Apollo 11 - Neil Armstrong
Neil Armstrong becomes the first man on the moon on July 20, 1969. NASA

NASA did not land on the moon, and the Apollo missions were an elaborate hoax that was shot on a soundstage. Some even say Stanley Kubrick directed the action. Moon-landing conspiracy theories are popular, but did a Russian official really say there should be an international investigation regarding the Apollo missions? Yes and no.

Vladimir Markin, the spokesman for Russia's Investigative Committee, penned a column for the Russian newspaper Izvestia focusing on the U.S. FIFA corruption investigation. Noting how it led to the arrest of several executives, he goes on to list several other incidents that should be the subjects of international investigations. The list would include the election of the U.S. to host the 1994 World Cup, the coup in Kiev and war crimes in Ukraine as events that should be looked into. More curiously, Markin said the Apollo mission also should be investigated.

Markin cites the loss of the original Apollo 11 moon landing video and the "disappearance" of 400 kilograms (about 882 pounds) of lunar rocks collected during Apollo missions as items worthy of a full-scale probe. "We are not contending that they did not fly [to the moon], and simply made a film about it. But all of these scientific -- or perhaps cultural -- artifacts are part of the legacy of humanity, and their disappearance without a trace is our common loss. An investigation will reveal what happened," Markin said in a translation from the Moscow Times.

Markin could have been making a statement about the absurdity of the U.S. launching its own international investigation into FIFA. Based on the roughly translated column, there should be some reciprocity when it comes to international investigations.
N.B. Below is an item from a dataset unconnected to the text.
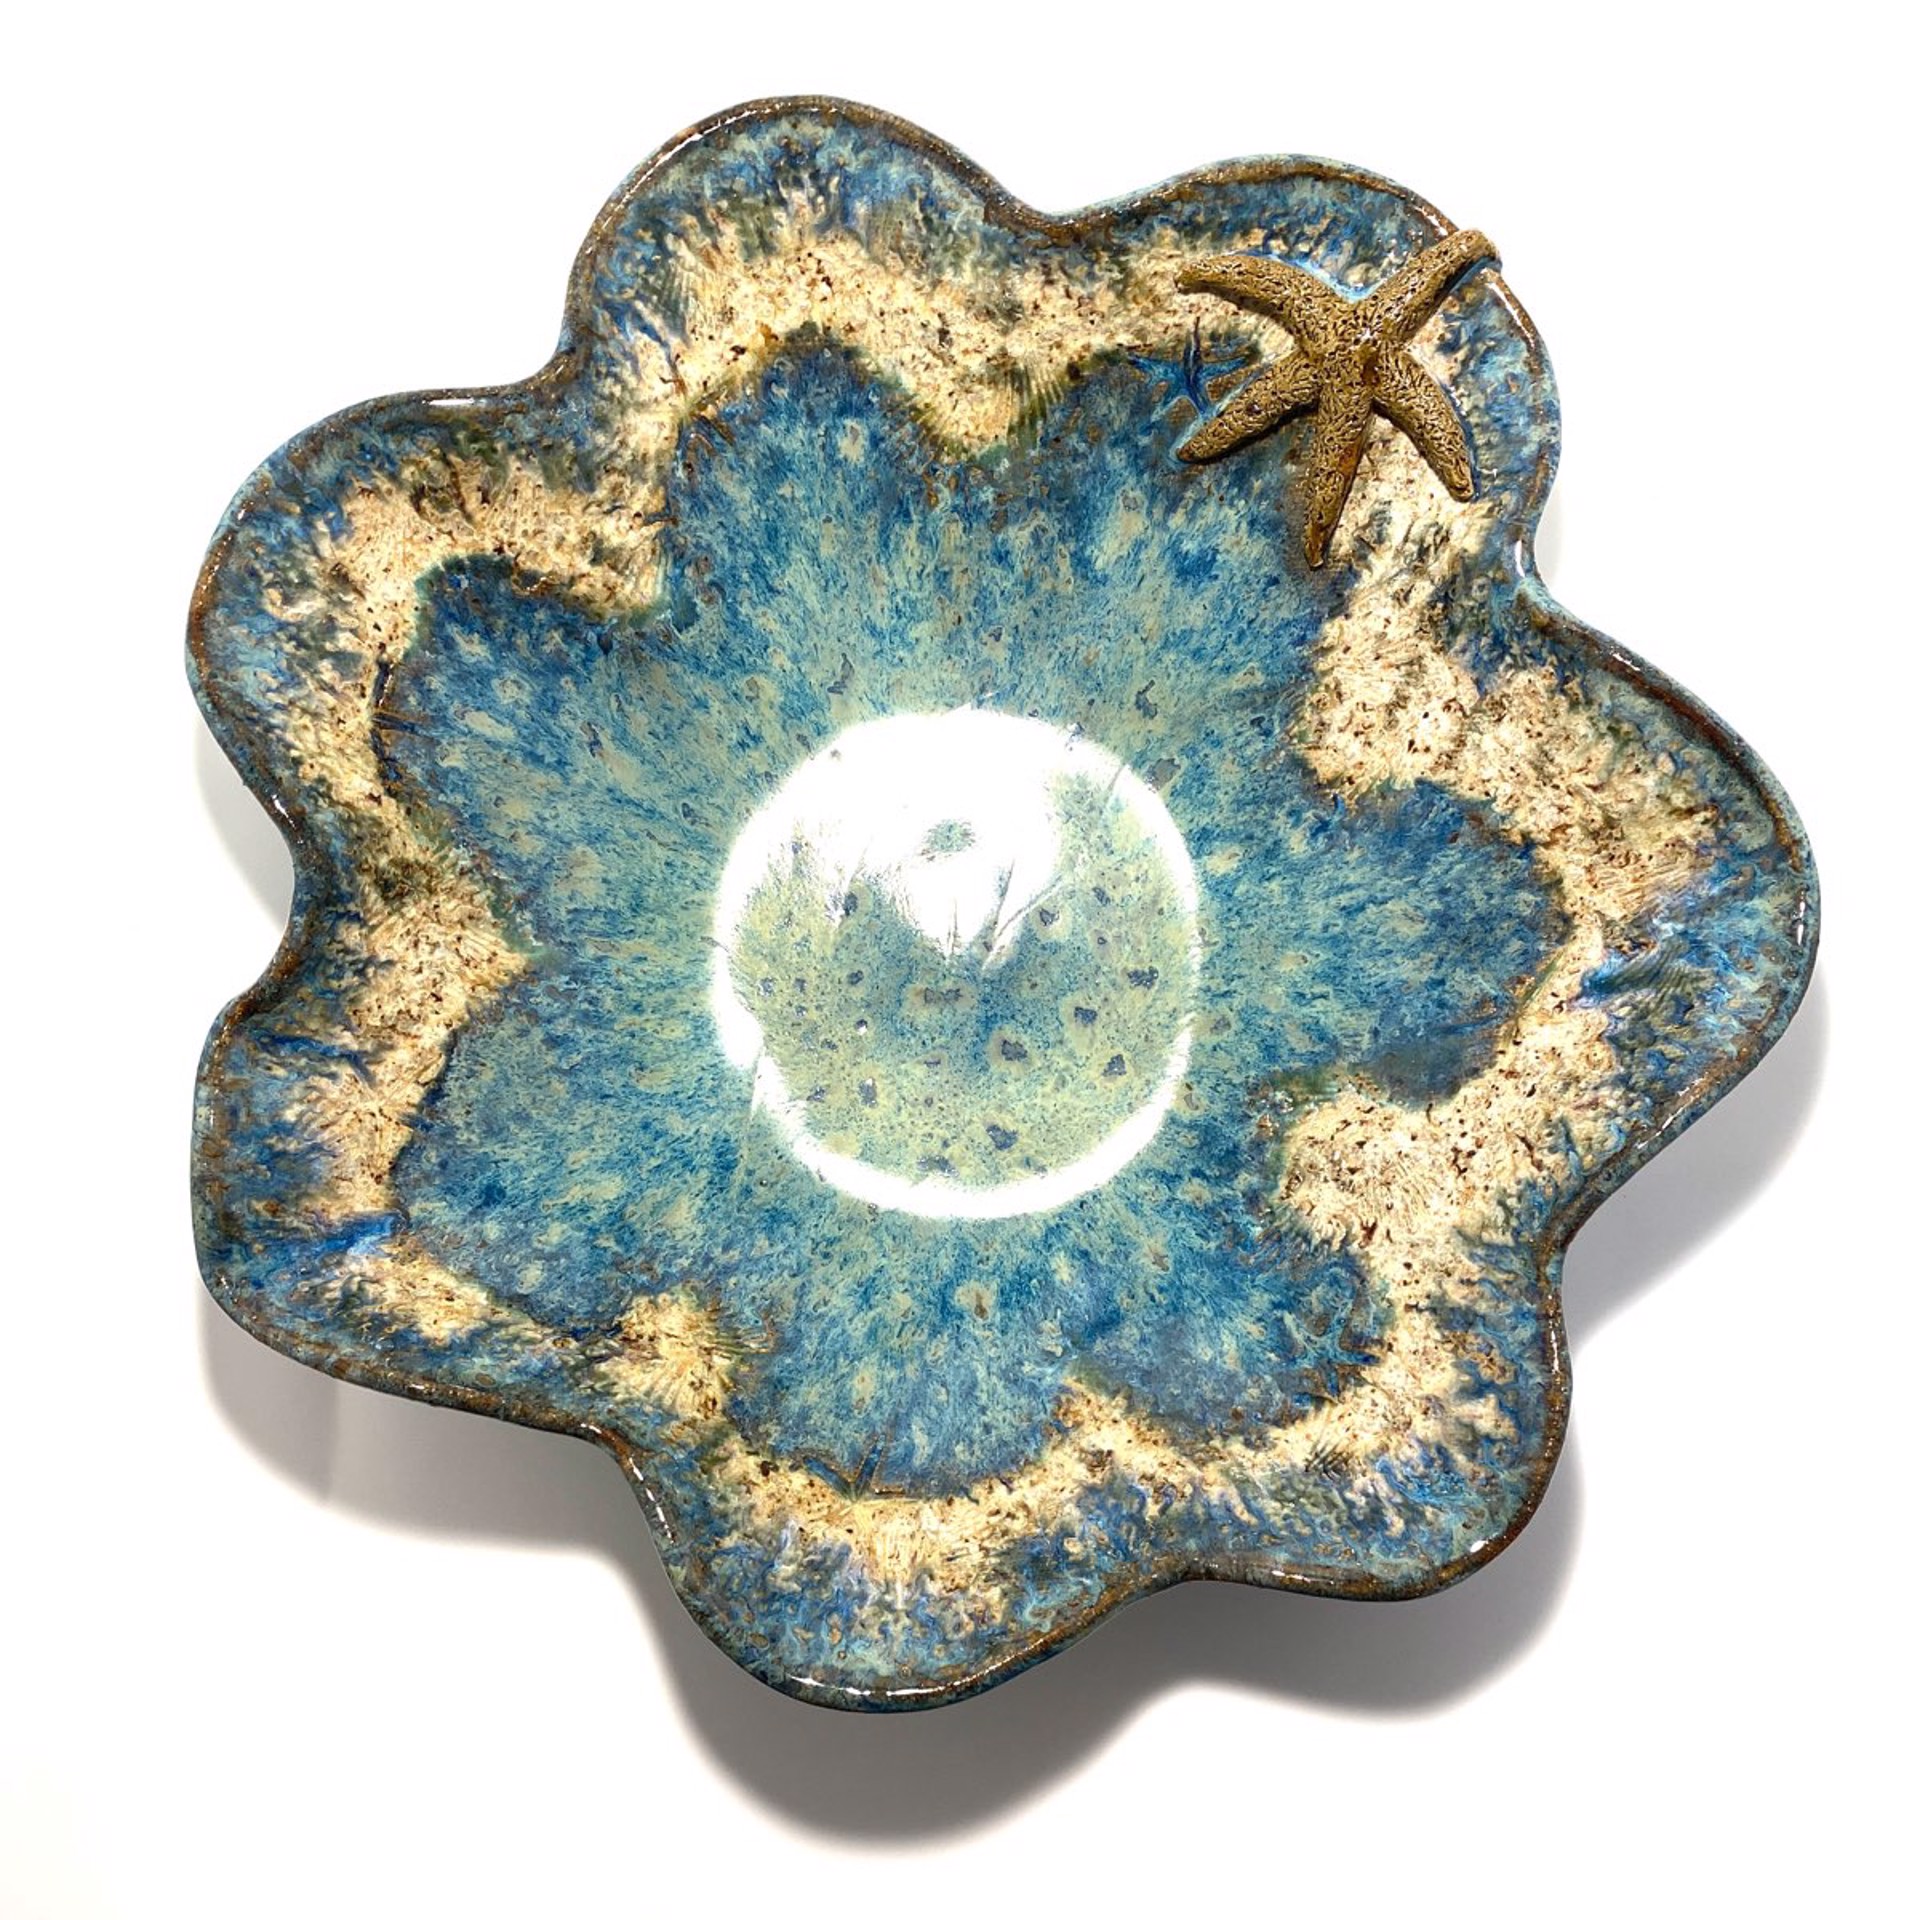 Large Bowl with One Starfish (Blue Glaze) LG23-1121 by Jim & Steffi Logan

As for the items mentioned by Markin, some answers already exist. The original Apollo 11 footage is lost, and NASA conducted an extensive search for and investigation of the data tapes. The Slow-Scan TV transmission was beamed back to Earth and converted in real time to the standard NTSC television format. NASA erased and reused the original SSTV tapes. Much of the quality was lost in the conversion from SSTV to NTSC, but NASA worked to create a high-quality Apollo 11 landing video by restoring the best broadcast footage.

As for the lunar rocks, NASA has stored the vast majority at the Johnson Space Center in Houston, but samples are not released to institutions and governments around the world. There are hundreds of lunar rocks missing, but NASA has made it a priority to track them down.